Index of /download/Assembly20notes/Advisory

Icon  Name                                 Last modified      Size  Description
[PARENTDIR] Parent Directory - [TXT] ORFsWithinSuspectRegions.txt 2023-06-29 09:53 77K [TXT] ORFsWithinSuspectRegions_reduced.txt 2023-06-29 09:53 85K [   ] suspect_WO1_regions.gff 2023-06-29 09:53 26K [   ] suspect_WO1_regions_reduced.gff 2023-06-29 09:53 41K
This directory contains files with additional information related to the Assembly
20 Sequence Advisory.  For the latest information and status updates, please see:
http://www.candidagenome.org/help/Assembly20_Advisory.shtml

------------------------------------

suspect_WO1_regions.gff

Lists the regions that were flagged by the BRI as potentially 
derived from WO-1, and chromosomal coordinates of these regions.  

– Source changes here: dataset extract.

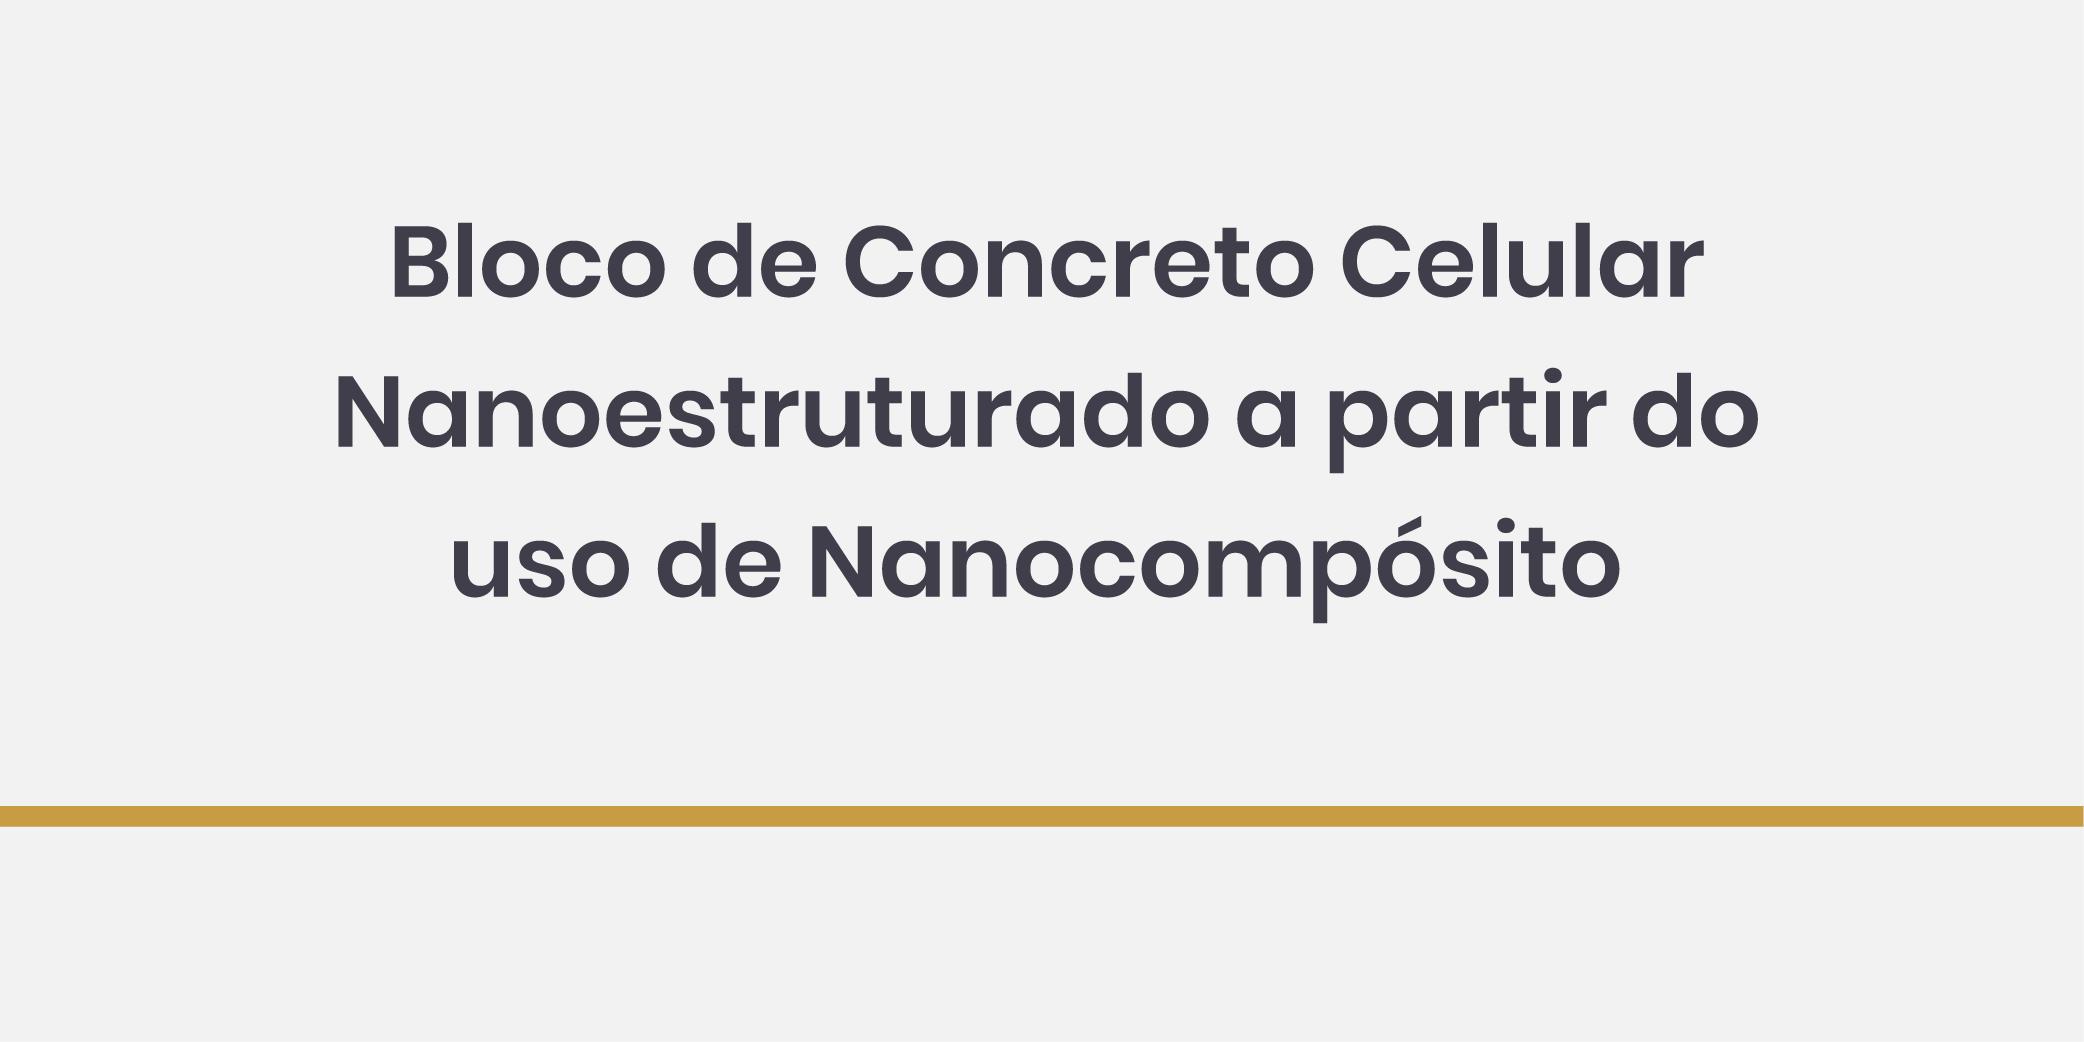 Bloco de Concreto Celular Nanoestruturado a partir do uso de Nanocompósito
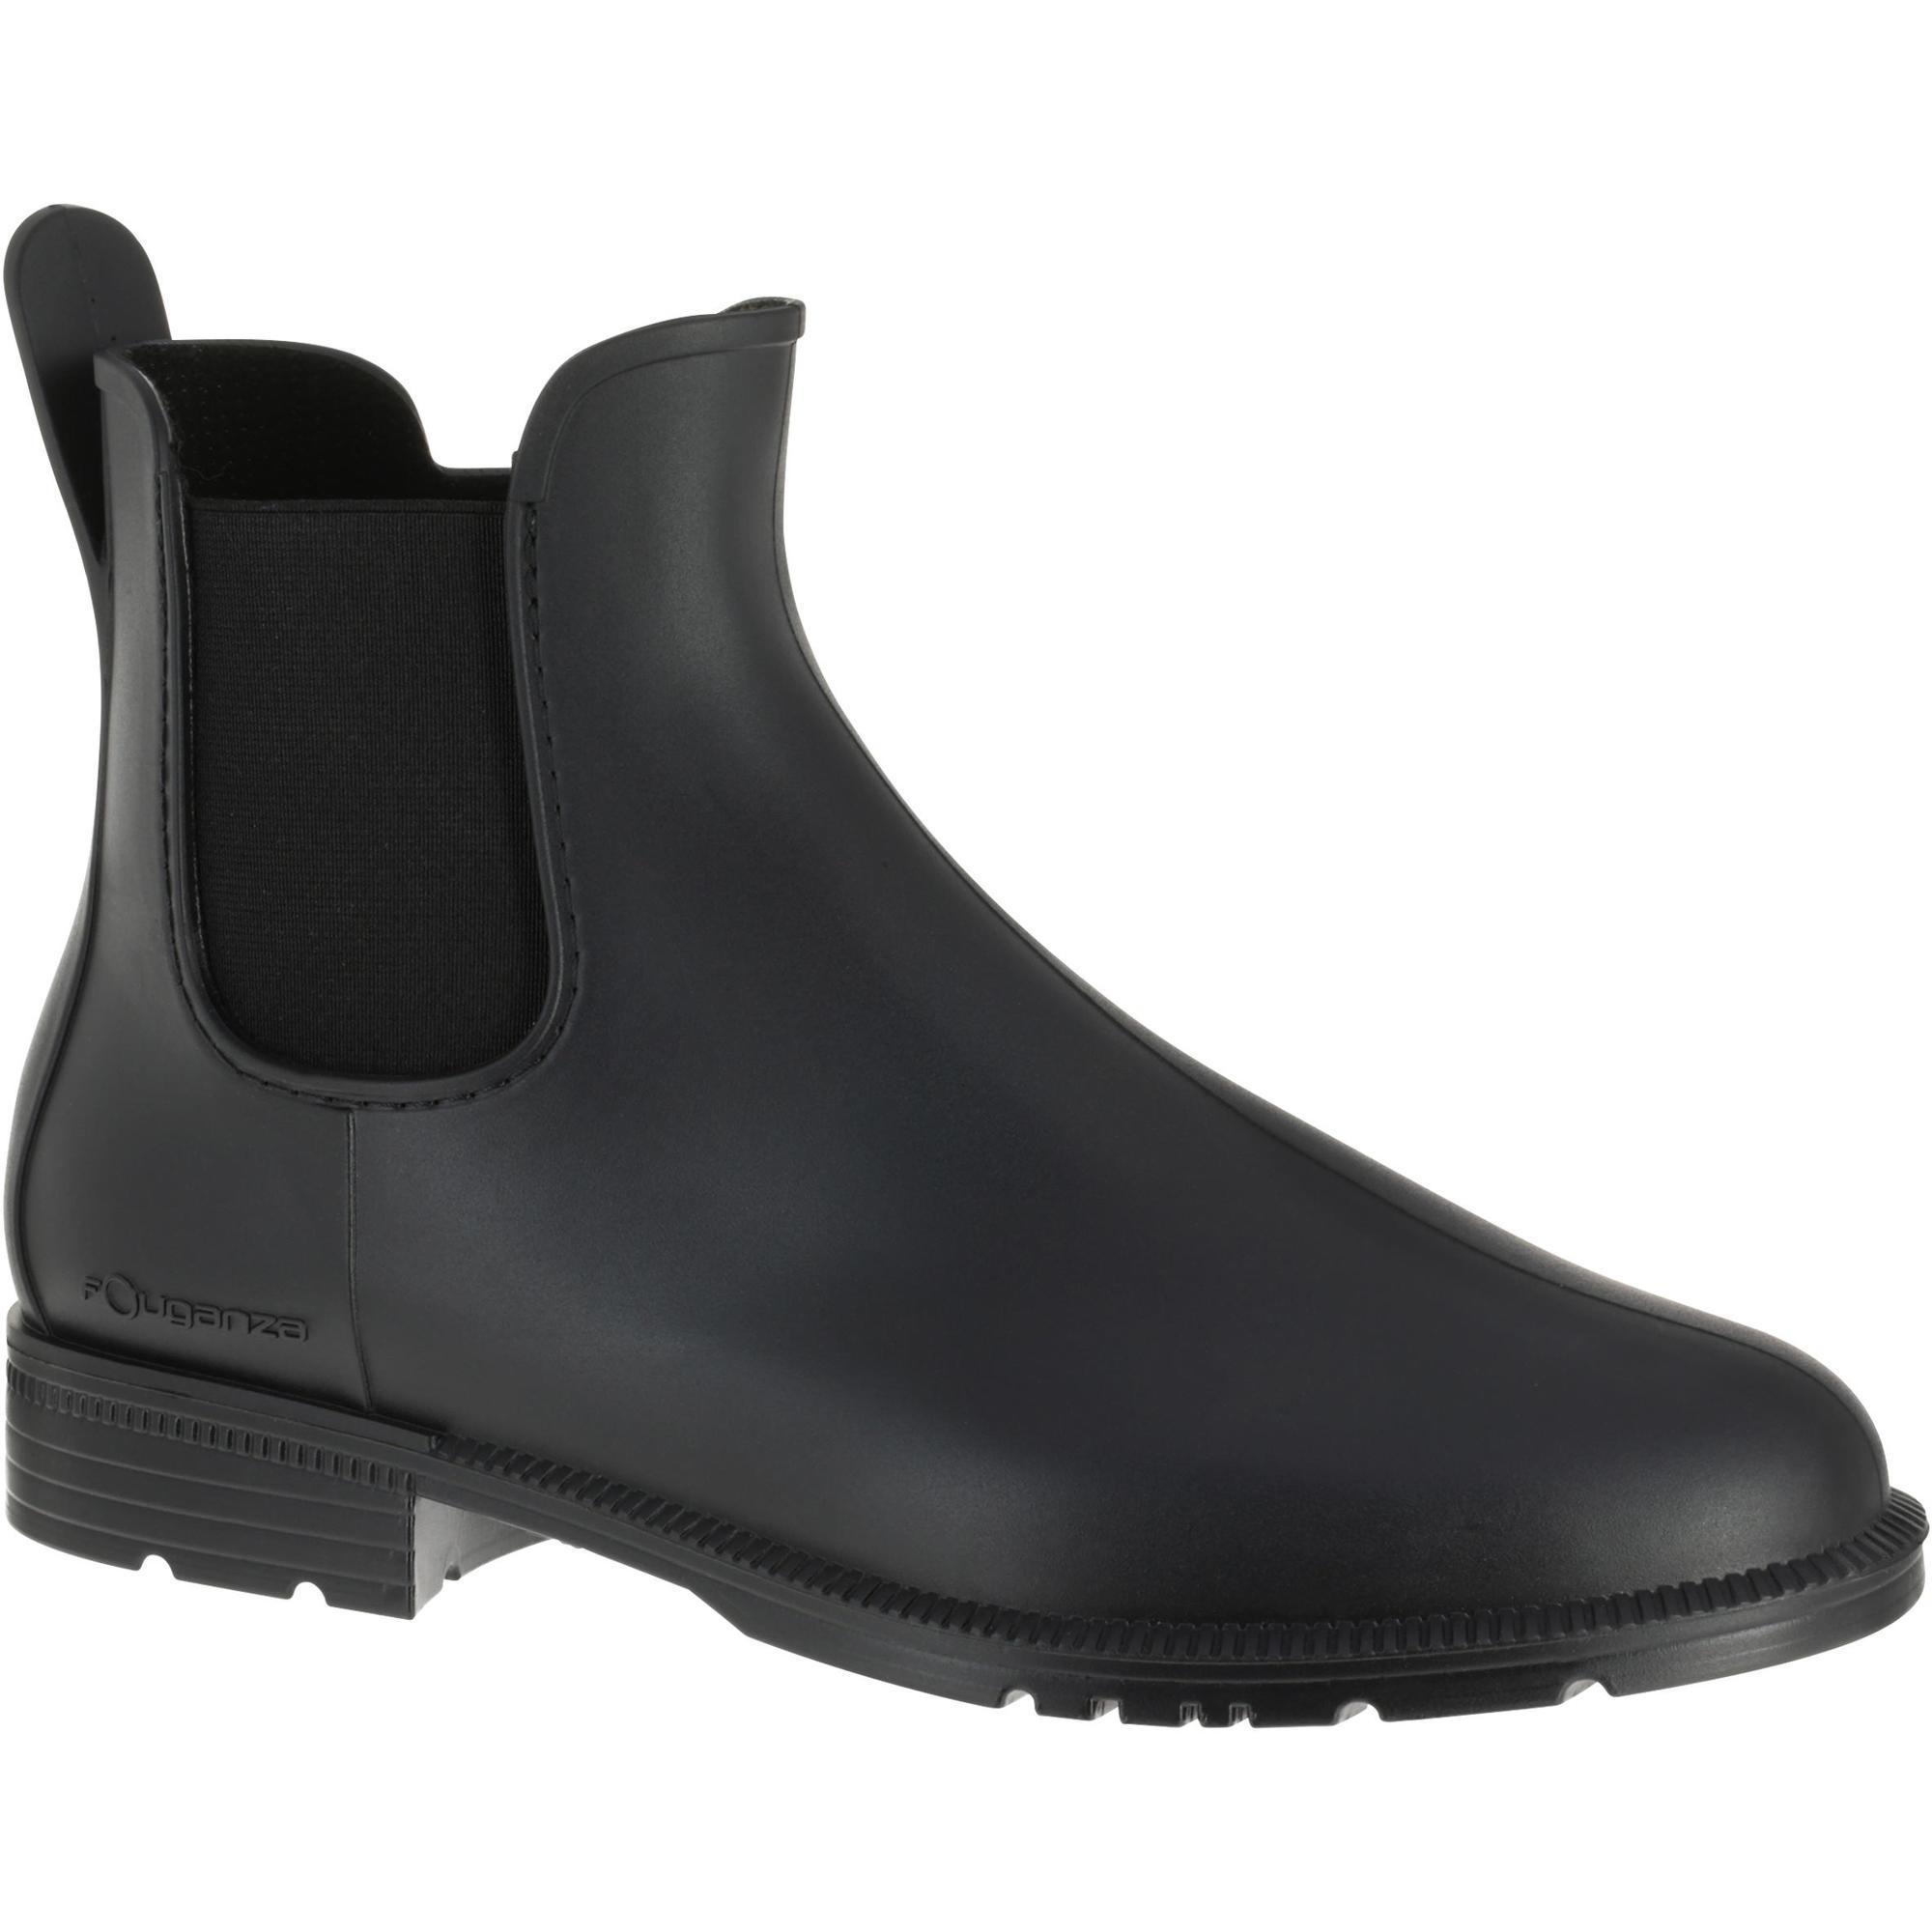 Reitstiefeletten Schooling Kinder und Erwachsene Gummischuhe schwarz   Schuhe > Sportschuhe > Reitstiefel   Schwarz   Fouganza

This file is in Generic Feature Format 
(GFF, http://www.sequenceontology.org/gff3.shtml).  

------------------------------------

ORFsWithinSuspectRegions.txt

Lists the ORFs and non-ORF features (e.g., tRNA) that are affected by the suspect
regions (i.e., fully or partly contained within a suspect region).  Includes
chromosomal coordinates of the ORF/feature and the suspect region that overlaps
it, with additional descriptive information about each ORF.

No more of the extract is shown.